Мы выпили кофе, поели, выкурили по сигарете, и делать нам было нечего. Наступил уже день, и в окно вливалось яркое солнце. Каждая деталь, каждая подробность жалкой комнаты, сор на полу, грязные полосы на стеклах, пустой треснутый цветочный горшок на подоконнике, лежащий рыжий теленок – все осветилось золотым светом. Старик сидел на своей скамеечке и курил половинку сигареты. Волна света делала его почти невидимым. Нам приходилось щурить глаза. Он растворялся в воздухе. Когда сигарета докурилась и в черном мундштуке засипело, он встал и сказал:
– Кто-нибудь пошли со мной.
Пошли я и Бандурко.
Двор был такой же бедный, как хата. Посередине колодец, прикрытый со всех сторон еловыми лапами на манер шалаша, какие строят дети. Протоптанная тропка подходила к нему и вела дальше к деревянному коровнику, крытому частично соломой, частично поржавелым железом. Рядом стоял неуклюжий высокий сенной сарай. И еще какое-то строеньице, то ли хлев, то ли Бог его знает что.

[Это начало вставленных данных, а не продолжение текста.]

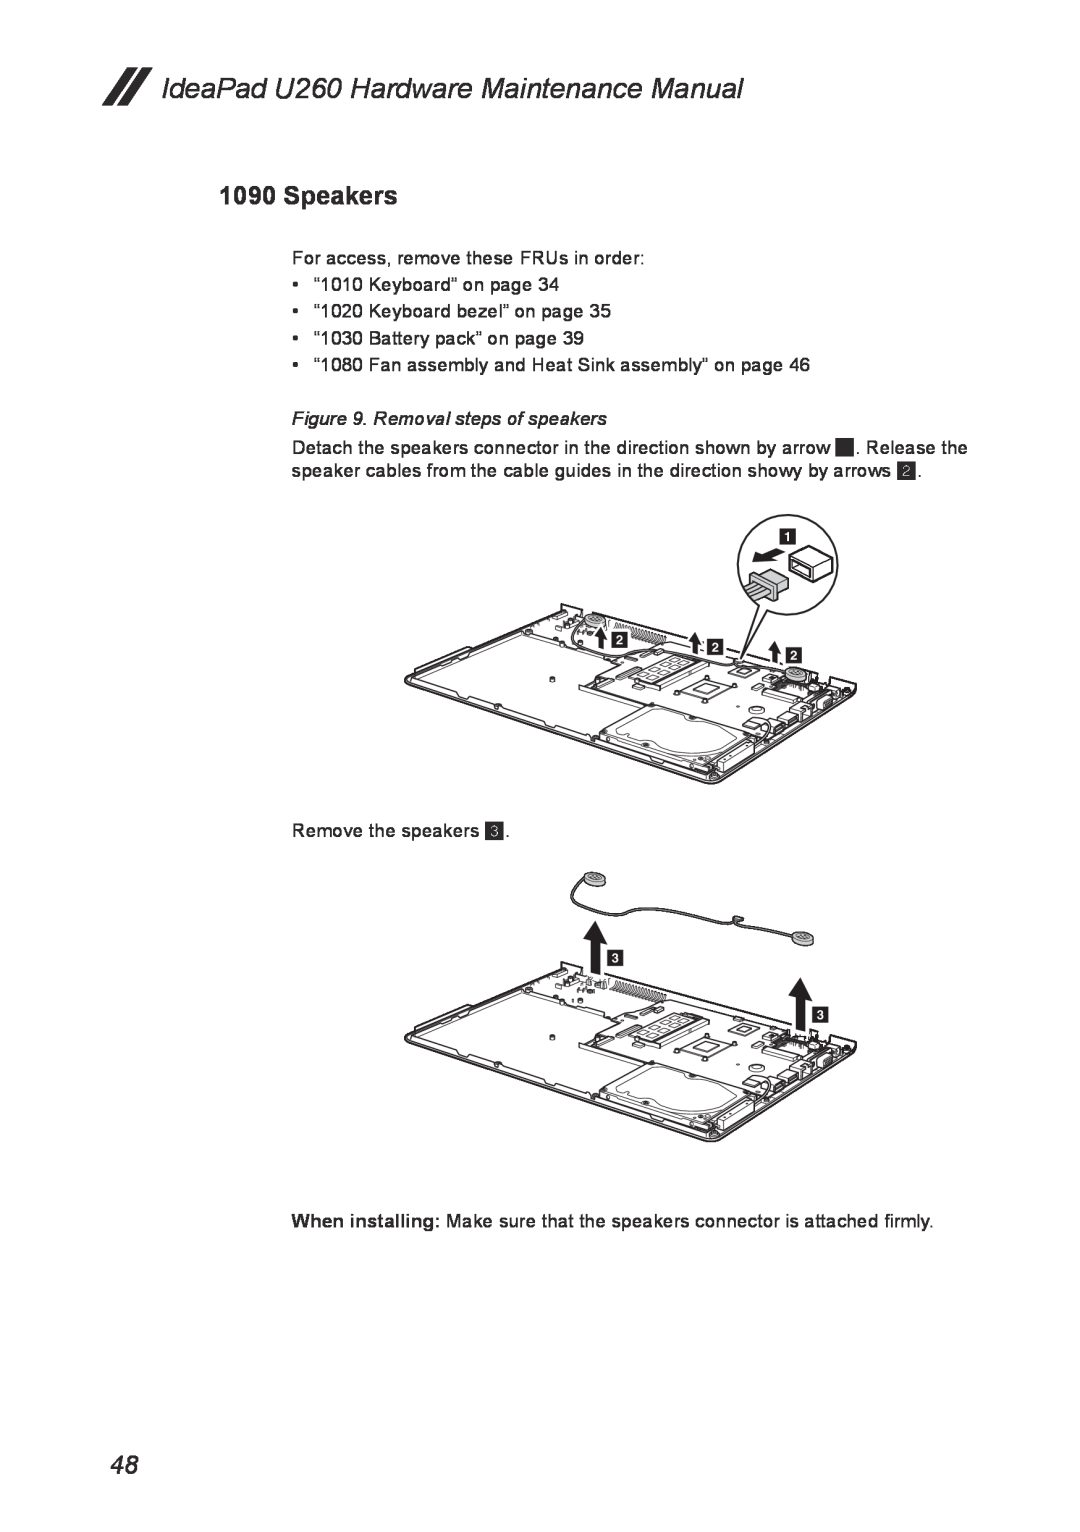 Lenovo manual Speakers, Removal steps of speakers, IdeaPad U260 Hardware Maintenance Manual

Старик вошел в коровник и закрыл за собой дверь. Мы стояли на небольшой истоптанной площадке с пятнами навоза и смотрели в промежуток между строениями. Метрах в двухстах, чуть ниже, отделенный ослепительной белой плоскостью, находился следующий дом. К нему вел явственный, идеально прямолинейный санный след. Из коровника доносились топот и блеяние. Отворилась дверь, и Старик выволок упирающуюся овцу. Он оттащил ее на чистый, девственно белый снег, наклонился и, стремительно и умело дернув за ноги, повалил на бок. Овца билась. Но он уже придерживал ее за шерсть на шее и на крупе.
– Над дверью есть нож, – бросил он нам.
Я принес длинный и истончившийся от многократной заточки кусок стали с деревянной рукоятью.

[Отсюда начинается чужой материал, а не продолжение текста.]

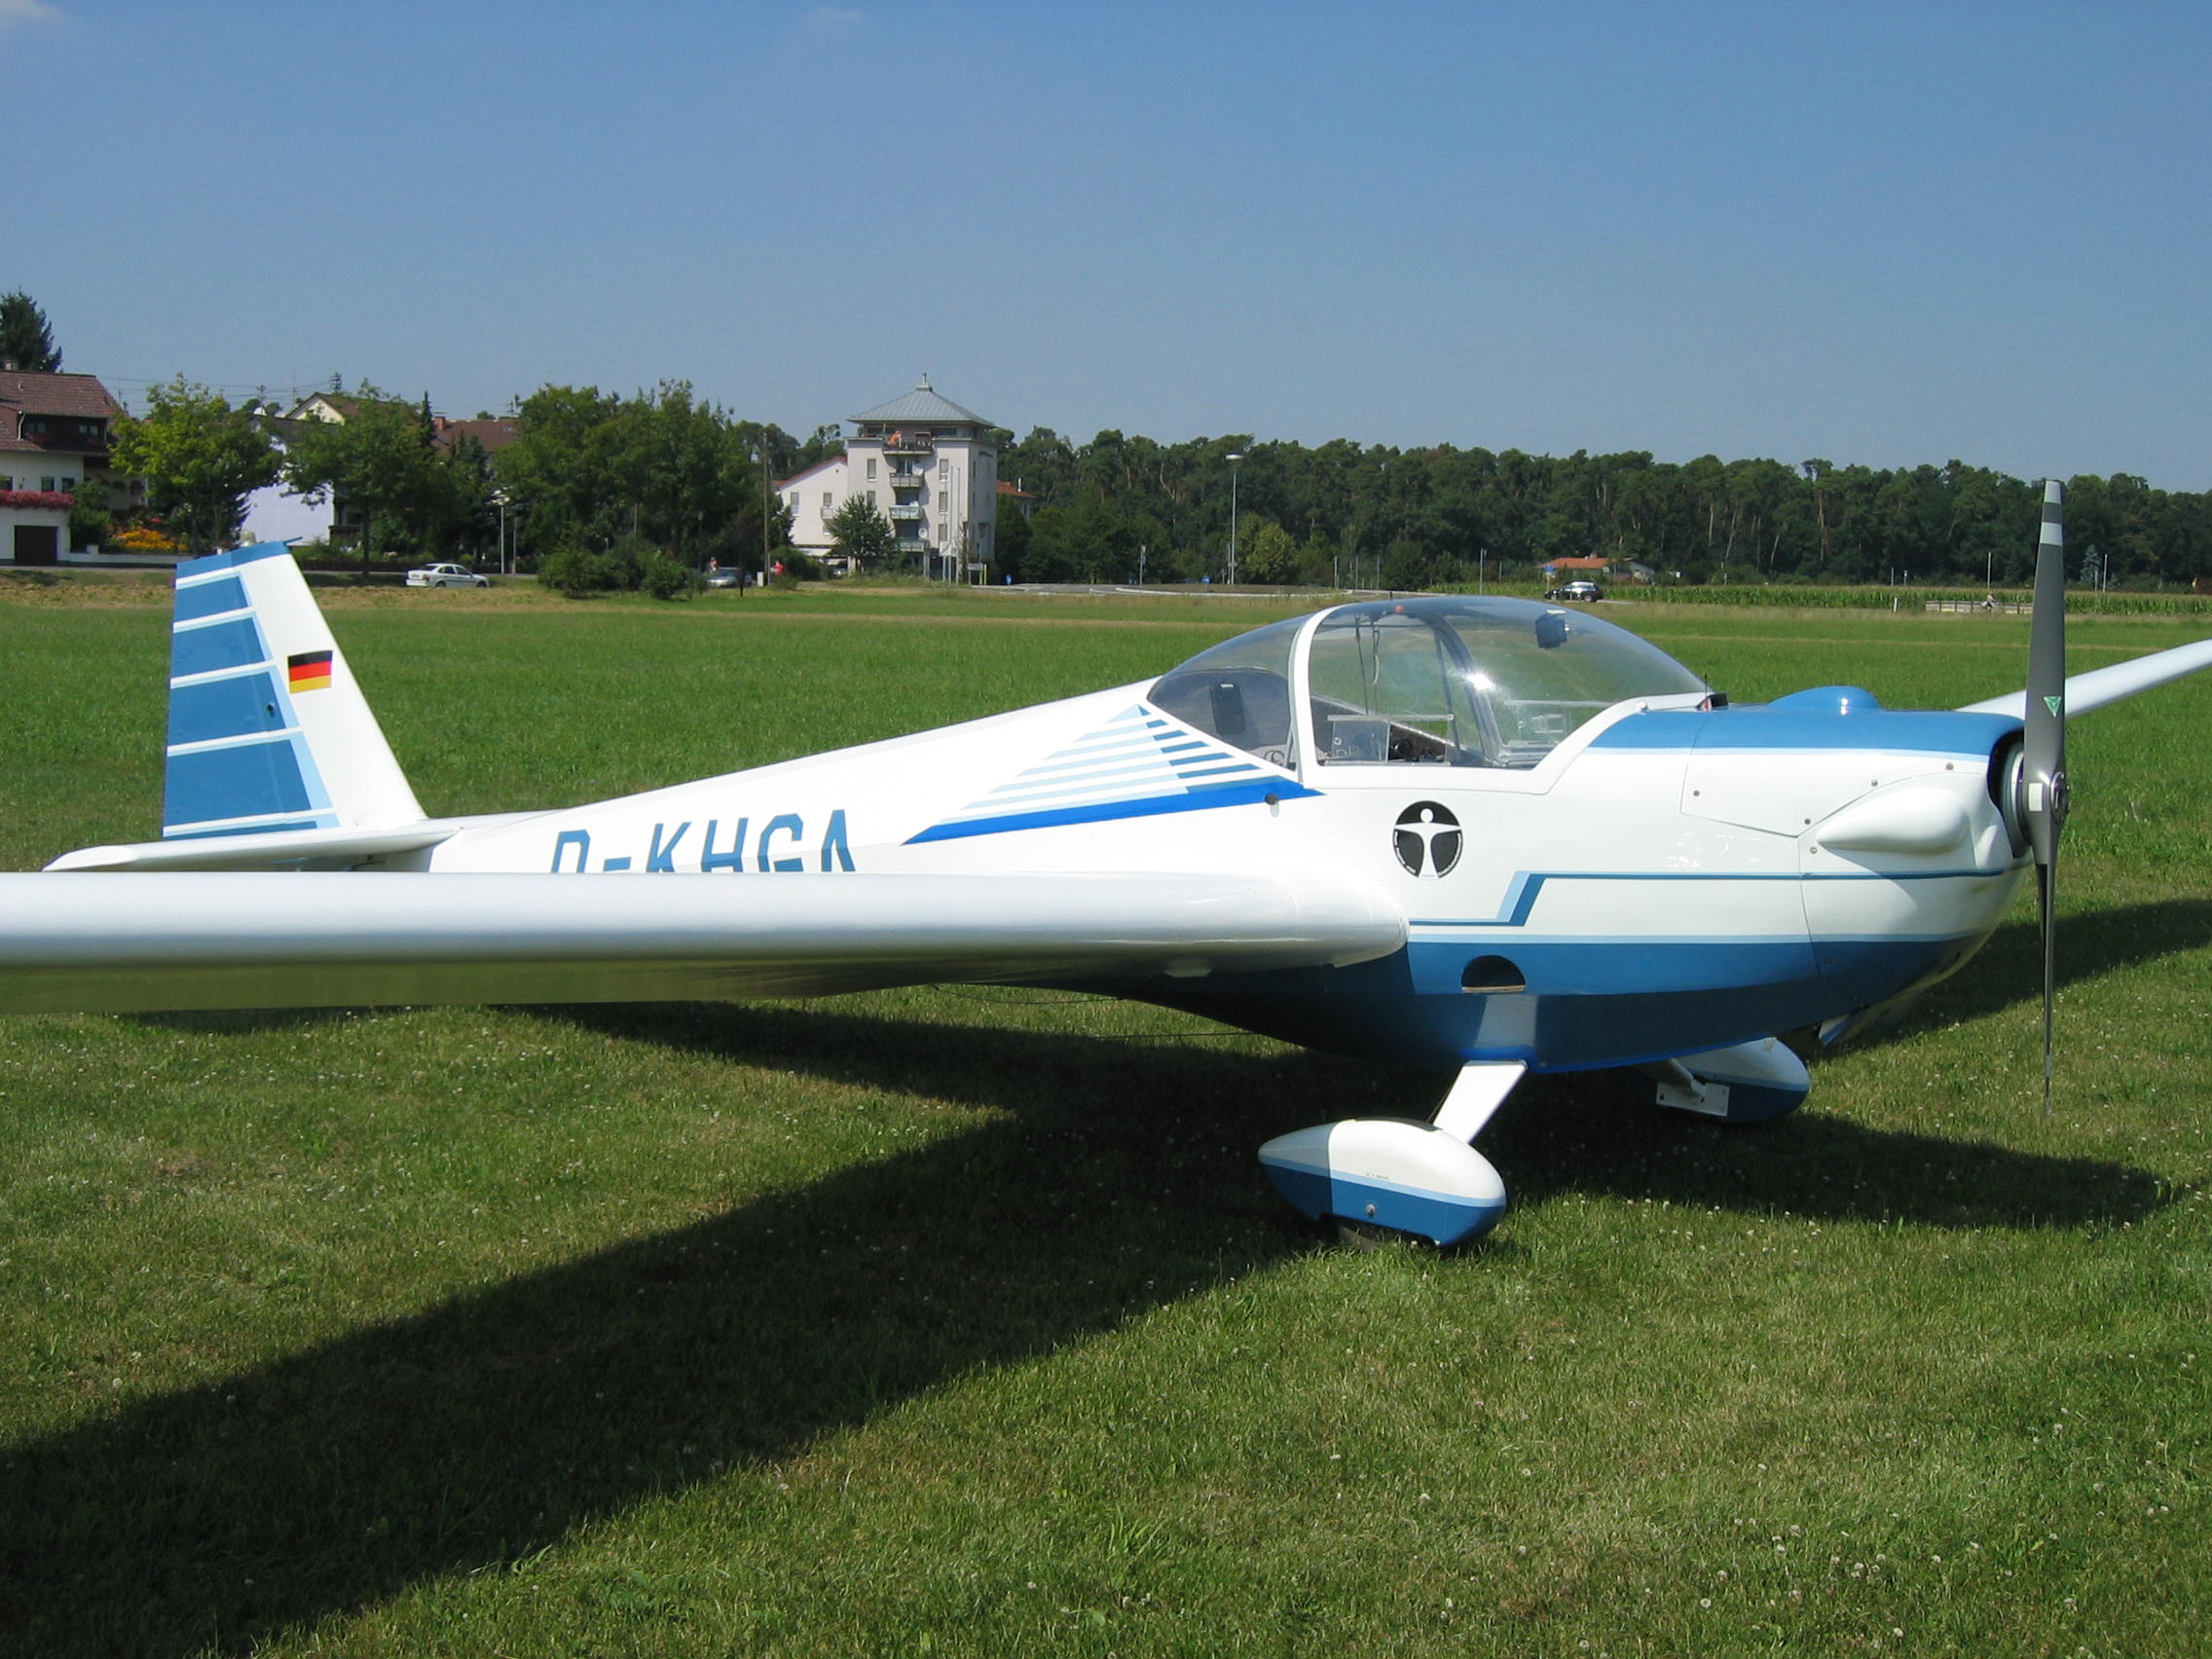 Motorsportflugzeug auf dem Flugplatz in Walldorf

– Кто-нибудь придержи зад.
Бандурко посмотрел на меня каким-то отсутствующим взглядом, упал на колени рядом с овцой и вцепился в грязное желтоватое руно. Старик взял у меня нож, встал коленом овце на лопатку, левой рукой отвел ее голову далеко назад, а правой с ножом произвел короткое, быстрое движение снизу вверх.
Мы поволокли тушу по снегу, чтобы подвесить ее на железном крюке, вбитом в балку, на которой держится крыша. Мы с Бандурко с трудом подняли этот неподвижный кусок мяса. Старик проткнул кожу на задней ноге в том месте, где проходит сухожилие, и насадил на конец крюка. Мы смотрели, как он делает надрезы на брюхе и на ногах, оставляя на них меховые чулки, и тремя короткими рывками сдирает тонкую шкуру, от которой шел пар. Куртка Василя была измазана кровью.
Когда мы возвращались, красное пятно на снегу уже побурело. Я нес ведро с печенкой, сердцем и почками. Старик нес шкуру, которую бросил в сенях. А те трое сидели за столом. Костек изучал карту. Старик подошел к буфету, достал бутылку без этикетки. Молча выпил за здоровье Василя, а потом кивком дал понять, чтобы тот налил и мне. После чего поставил бутылку обратно. Может, и к лучшему, самогон был чудовищно ядовитый.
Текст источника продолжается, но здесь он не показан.